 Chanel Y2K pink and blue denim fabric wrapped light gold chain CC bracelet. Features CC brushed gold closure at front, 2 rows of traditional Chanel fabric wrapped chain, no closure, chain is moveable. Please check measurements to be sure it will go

==

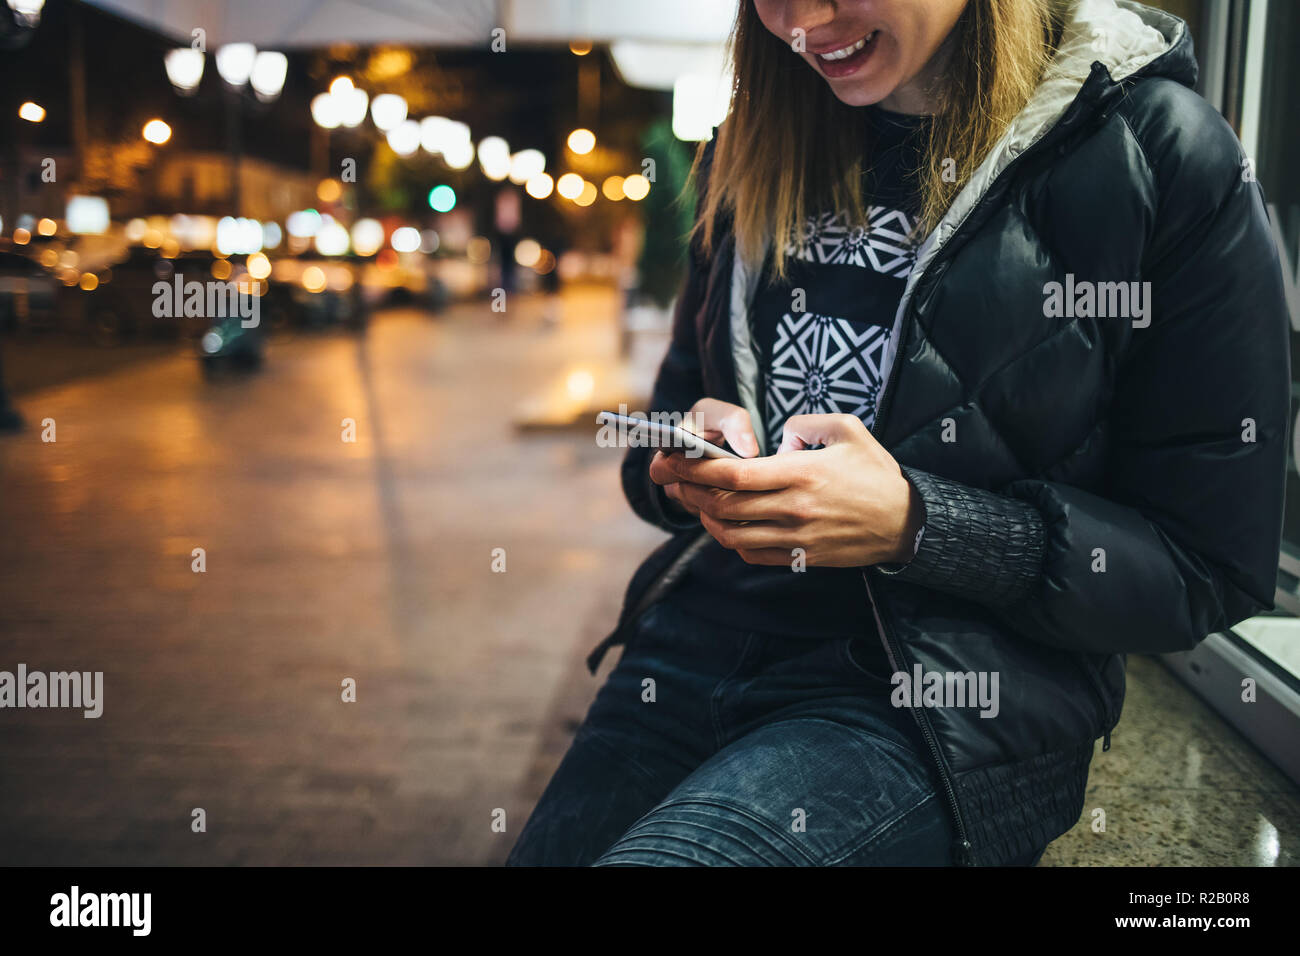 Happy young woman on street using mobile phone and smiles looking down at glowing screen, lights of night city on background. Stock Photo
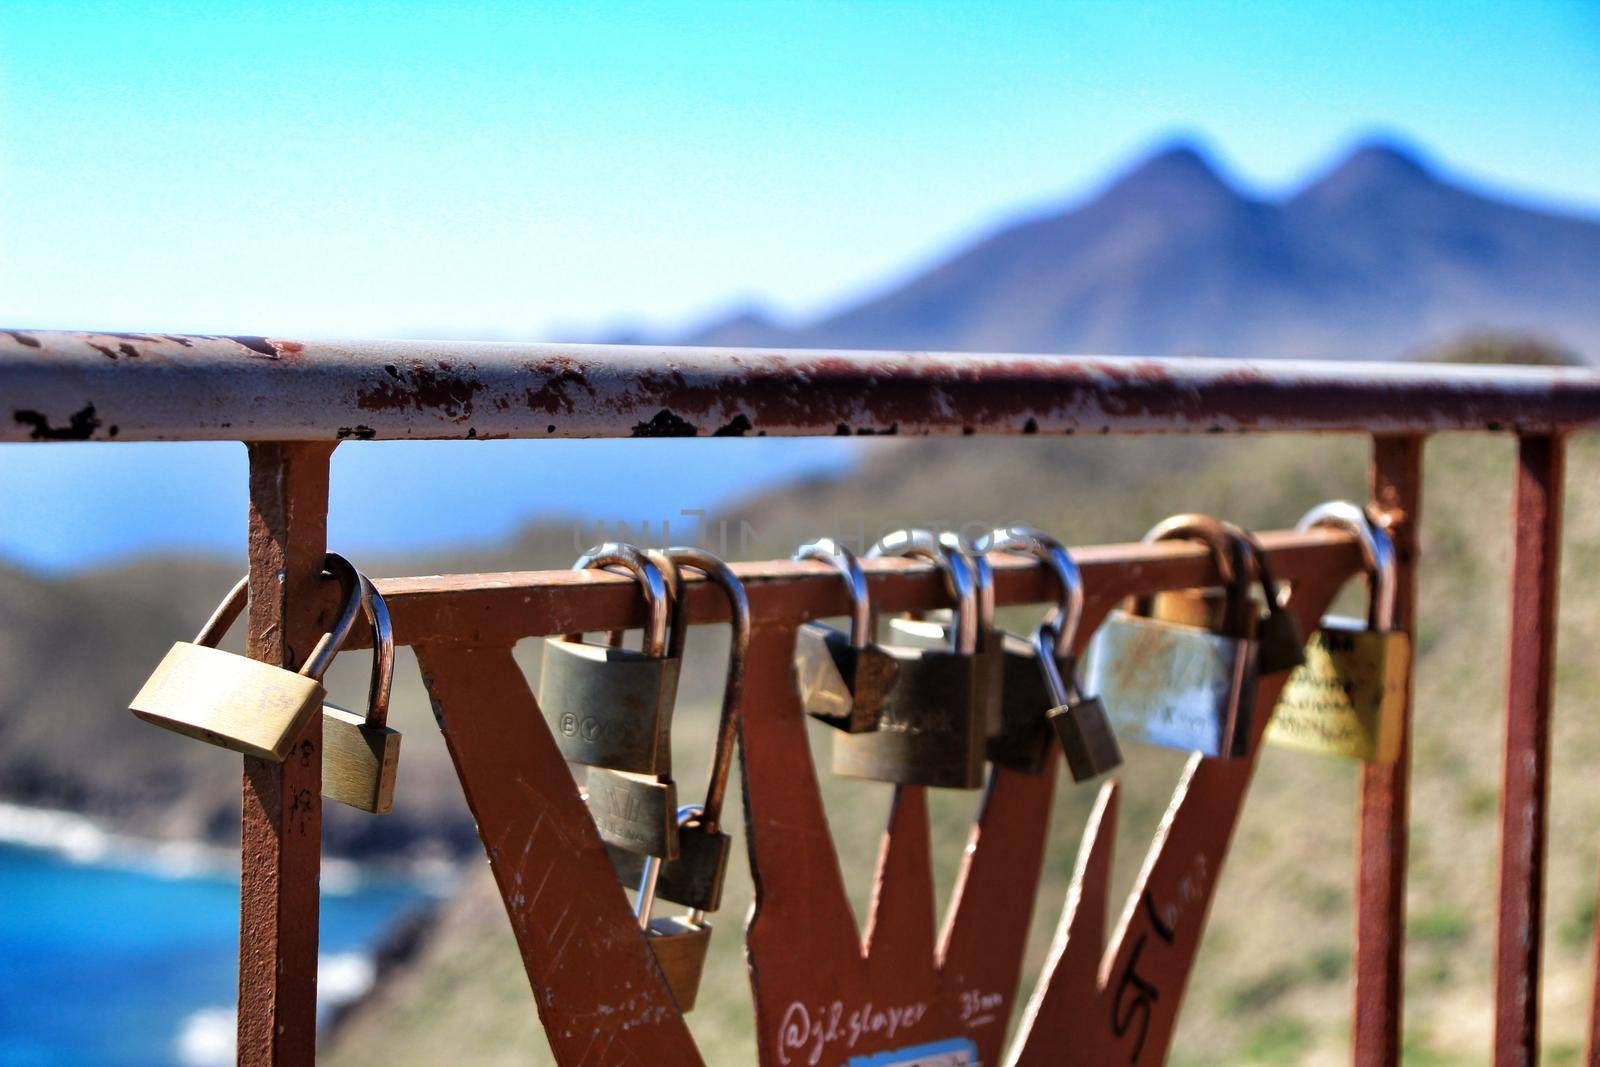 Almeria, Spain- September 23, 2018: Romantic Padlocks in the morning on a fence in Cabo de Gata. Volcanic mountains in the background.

▶ **Problem to solve**: The response must repeat exactly the lines above from the one with "Happy young woman" through the one with "Almeria, Spain- September", including both, and must contain no pictures and no other text.

▶ **Worked solution**:
 Happy young woman on street using mobile phone and smiles looking down at glowing screen, lights of night city on background. Stock Photo
 Almeria, Spain- September 23, 2018: Romantic Padlocks in the morning on a fence in Cabo de Gata. Volcanic mountains in the background.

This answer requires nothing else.